PROBLEM: Your answer must be an exact transcription of the data, with every picture omitted.

SOURCE MATERIAL:
****************
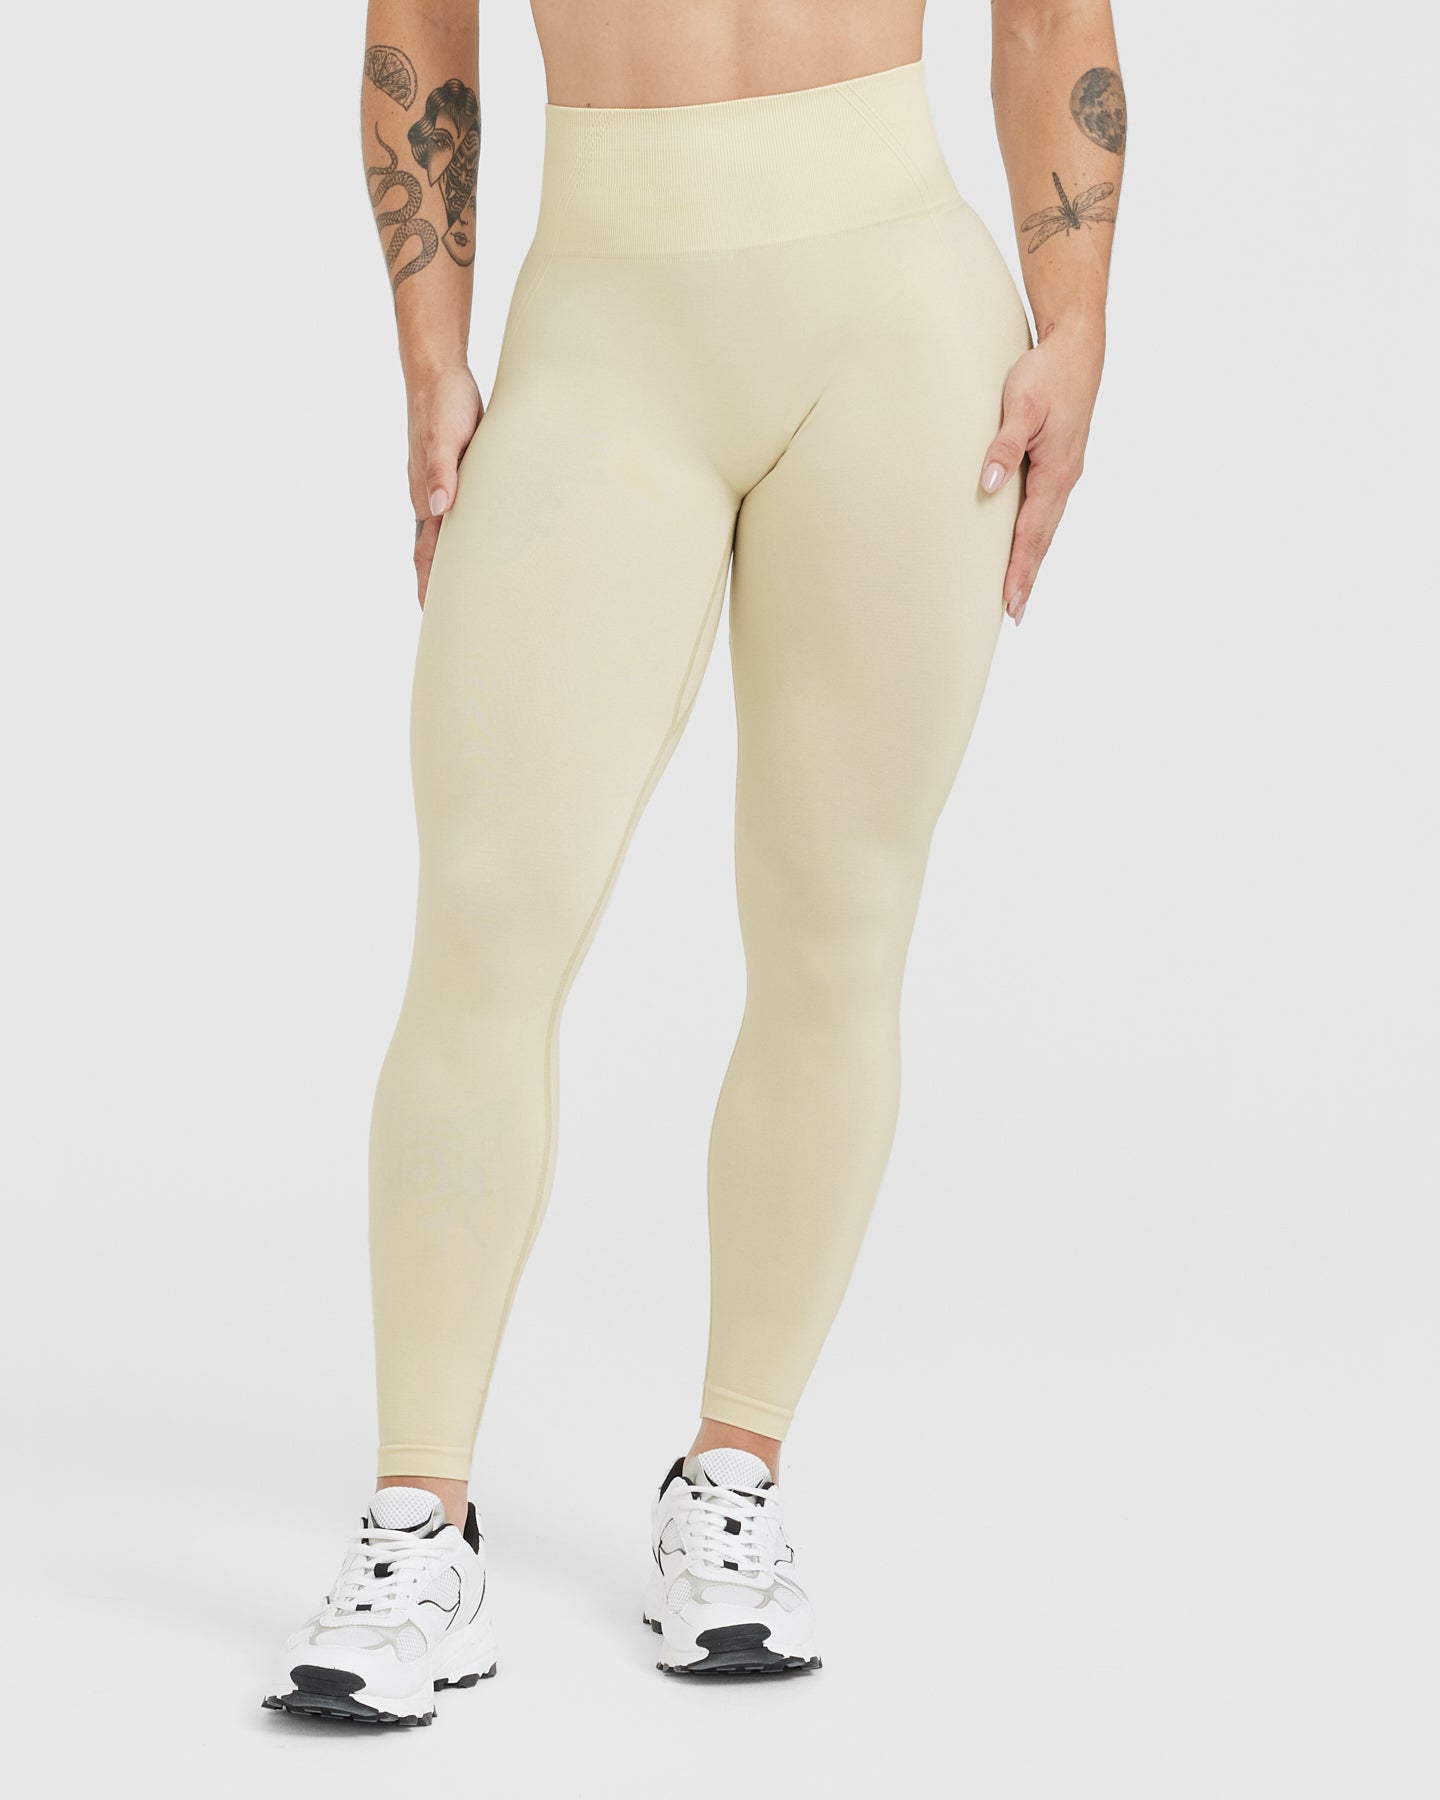 oner active effortless leggings - Athletic apparel
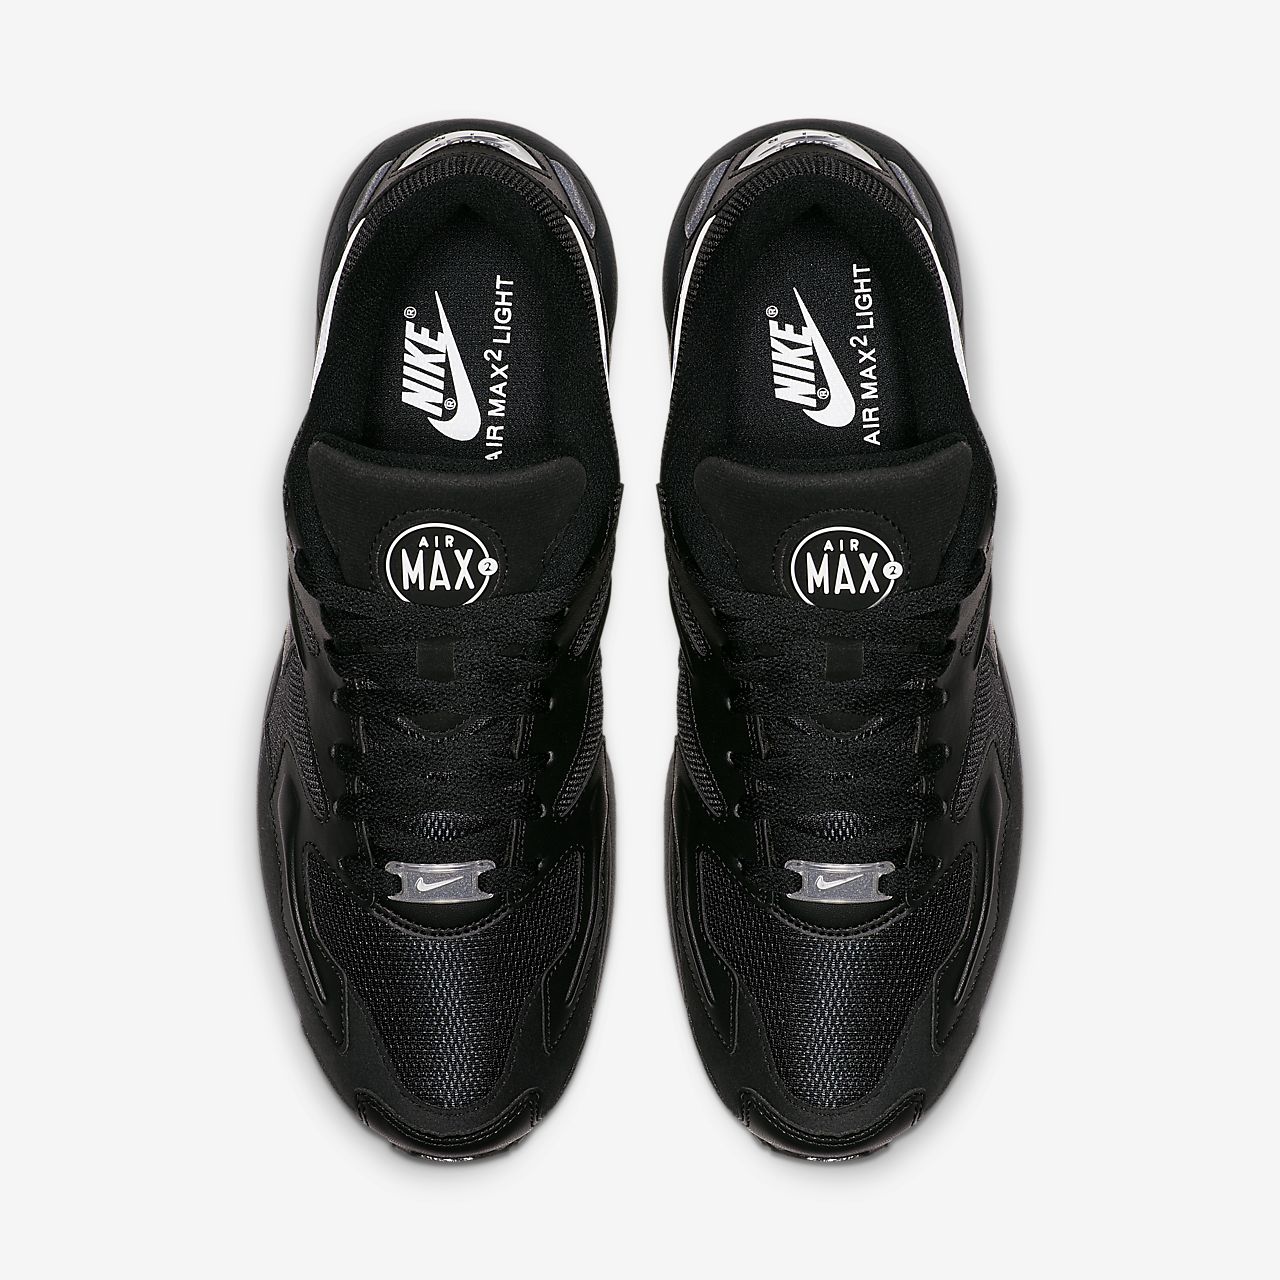 Nike Air Max2 Light - Sneakers - Sort/MørkeGrå/Hvide | DK-82943
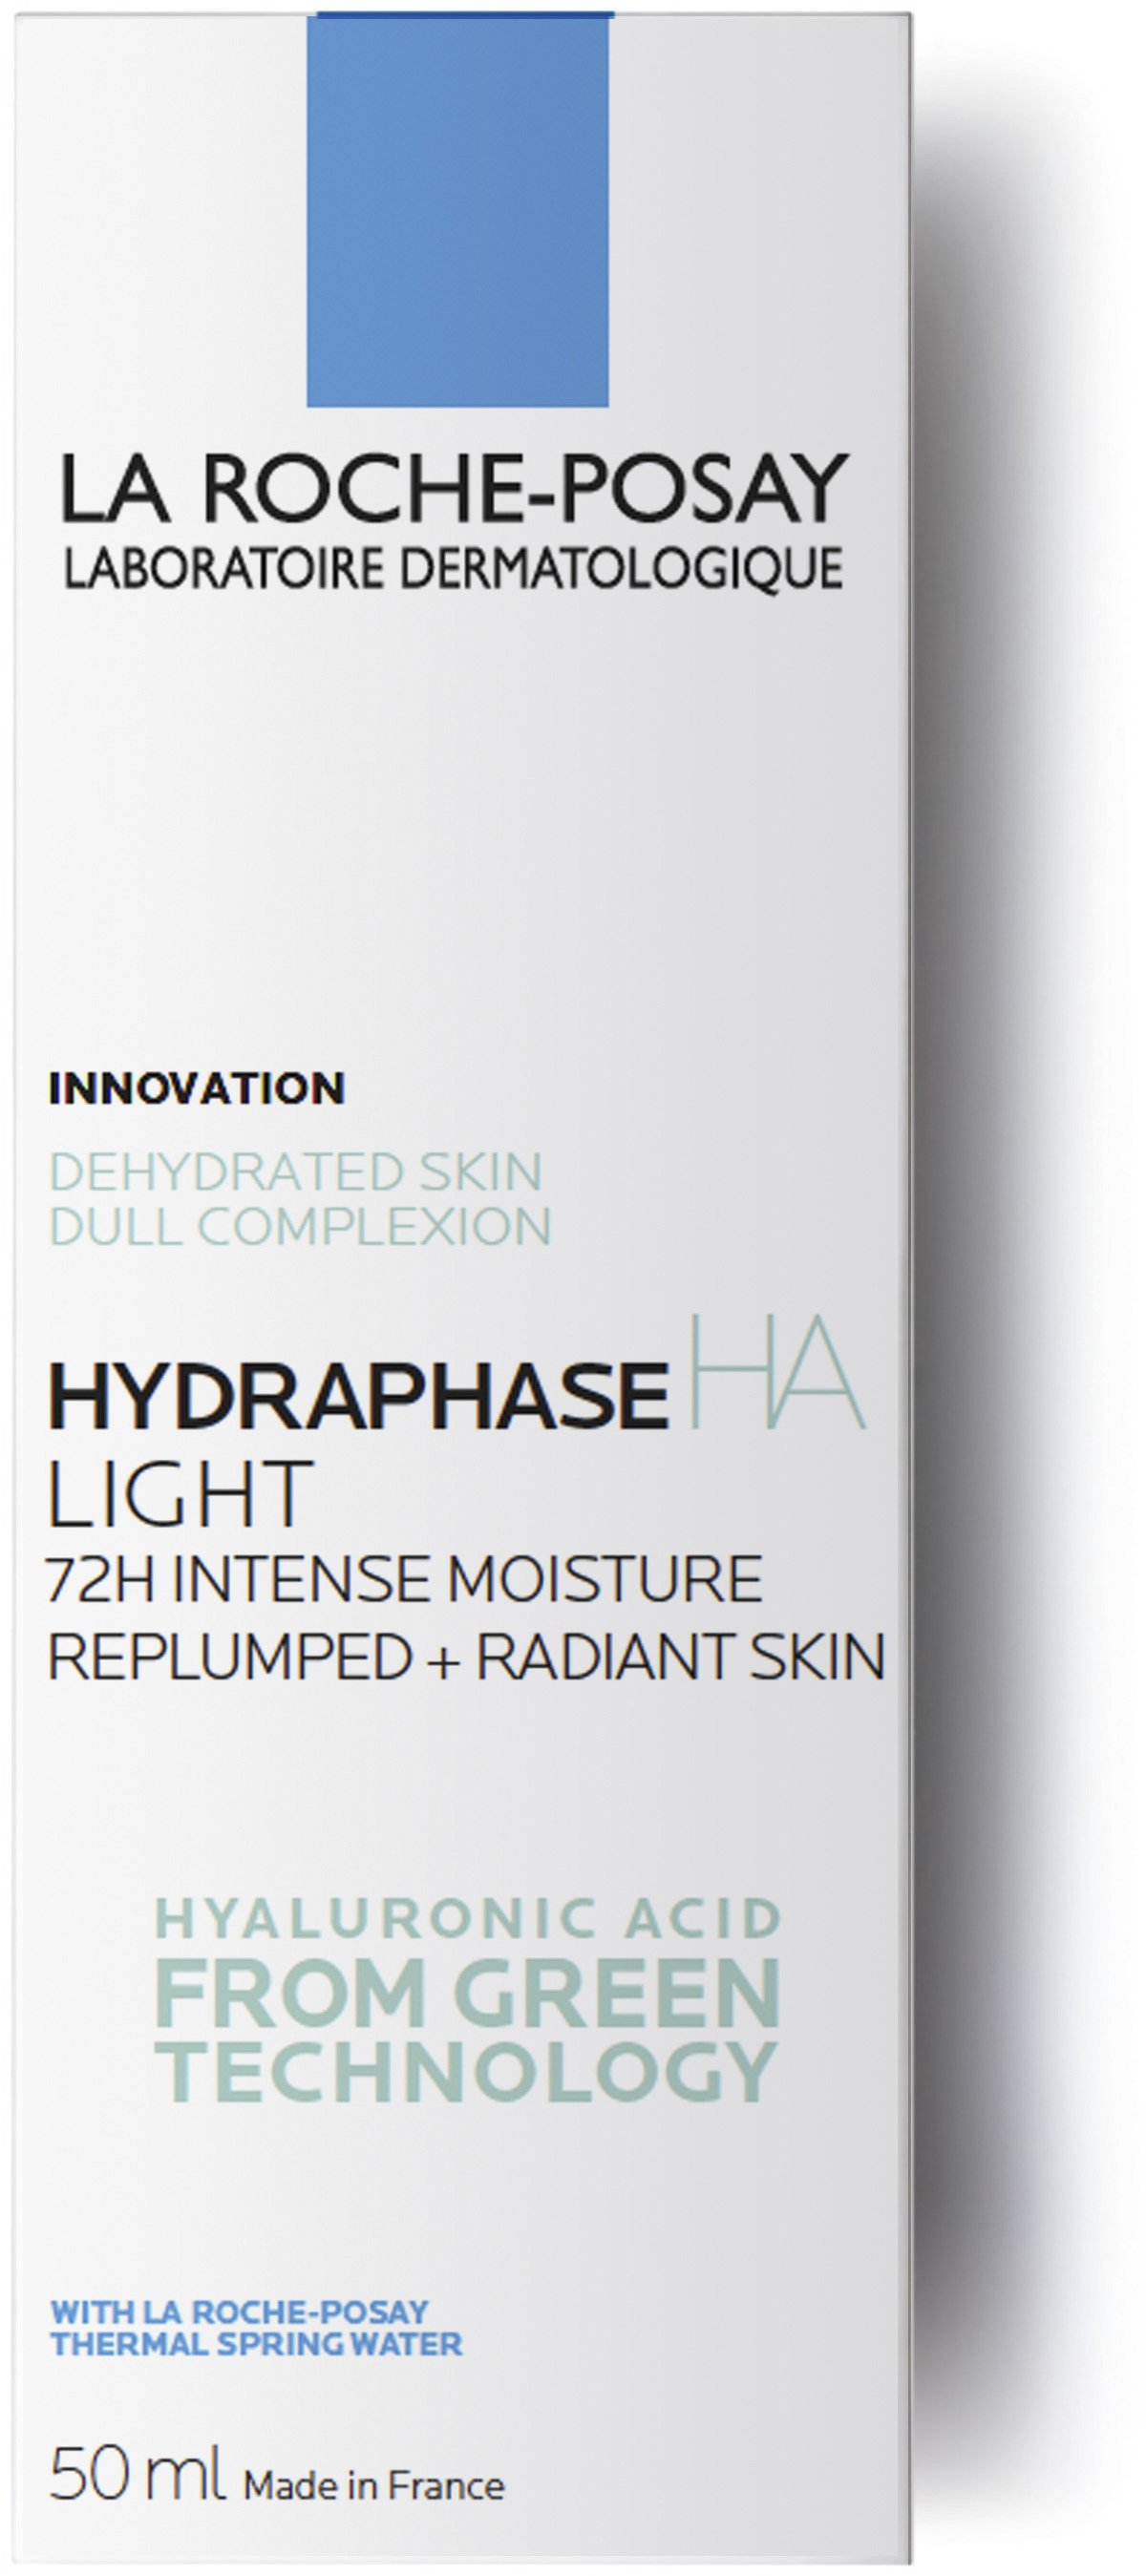 La Roche Posay Hydraphase HA Light 72h Intense Moisture 50 ml
****************
ANSWER TO THIS TASK:
 oner active effortless leggings - Athletic apparel
 Nike Air Max2 Light - Sneakers - Sort/MørkeGrå/Hvide | DK-82943
 La Roche Posay Hydraphase HA Light 72h Intense Moisture 50 ml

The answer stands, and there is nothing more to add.